The time is spent jumping all over the table to find 109468 randomly scattered rows, issuing random IO requests to do so. You can verify that be turning track_io_timing on and redoing the plans (probably just leave it turned on globally and by default, the overhead is low and the value it produces is high), but I'm sure enough that I don't need to see that output before reaching this conclusion. The other queries that are faster are probably accessing fewer disk pages because they access data that is more tightly packed, or is organized so that it can be read more sequentially. In fact, I would say your query is quite fast given how many pages it had to read.

You ask about why so many columns are output in the internal nodes of the plan. The reason for that is that PostgreSQL often just passes around pointers to where the tuple lives in the shared_buffers, and the tuple being pointed to has the columns that the table itself has. It could allocate memory in which to store a reformatted version of the tuple with the unnecessary columns stripped out, but that would generally be more work, not less. If it was a reason to copy and re-form the tuple anyway, it will remove the extraneous columns while it does so. But it won't do it without a reason.
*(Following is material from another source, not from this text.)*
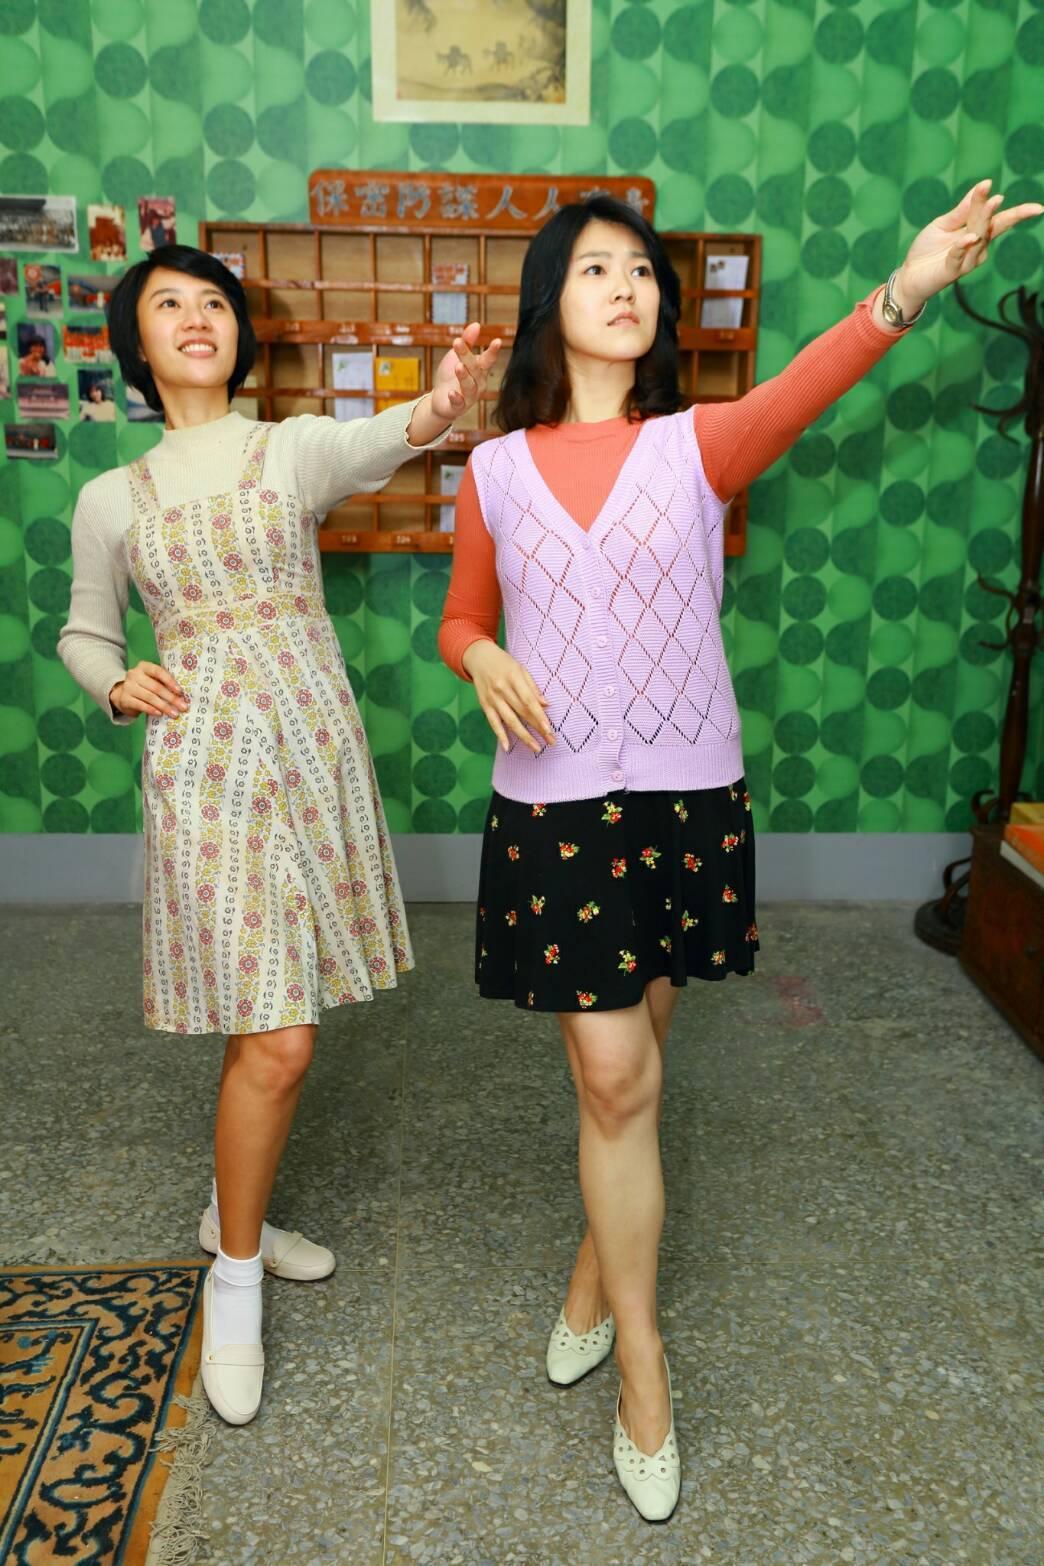 方宥心(左)、曹雅雯演出「外鄉女」,應導演要求擺出70年代姿勢。圖/民視提供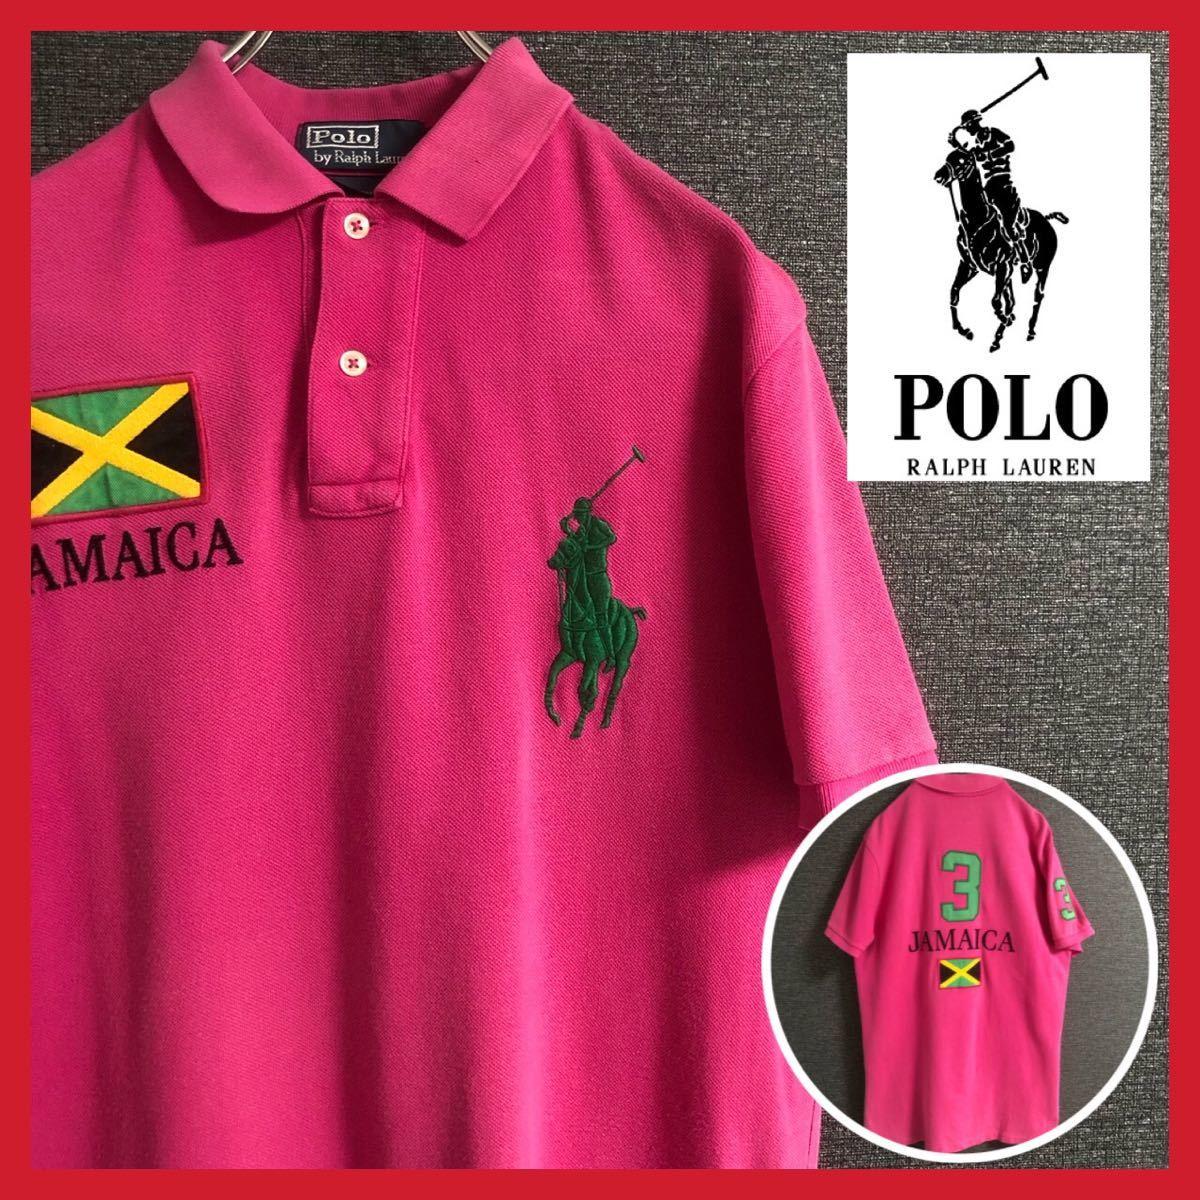 ポロラルフローレン ポロシャツ 半袖 メンズ ビッグポニー ロングテール 刺繍

One way to sped this up is to create indexes which will enable index-only scans. Those would be on tb_pr_dc (id_pr, id_pr_dc_bn) and on tb_pr_dc_bn (id_pr_dc_bn, nr_size).

If this isn't enough, there might be other ways to improve this too; but I can't think through them if I keep getting distracted by the long strings of unmemorable unpronounceable gibberish you have for table and column names.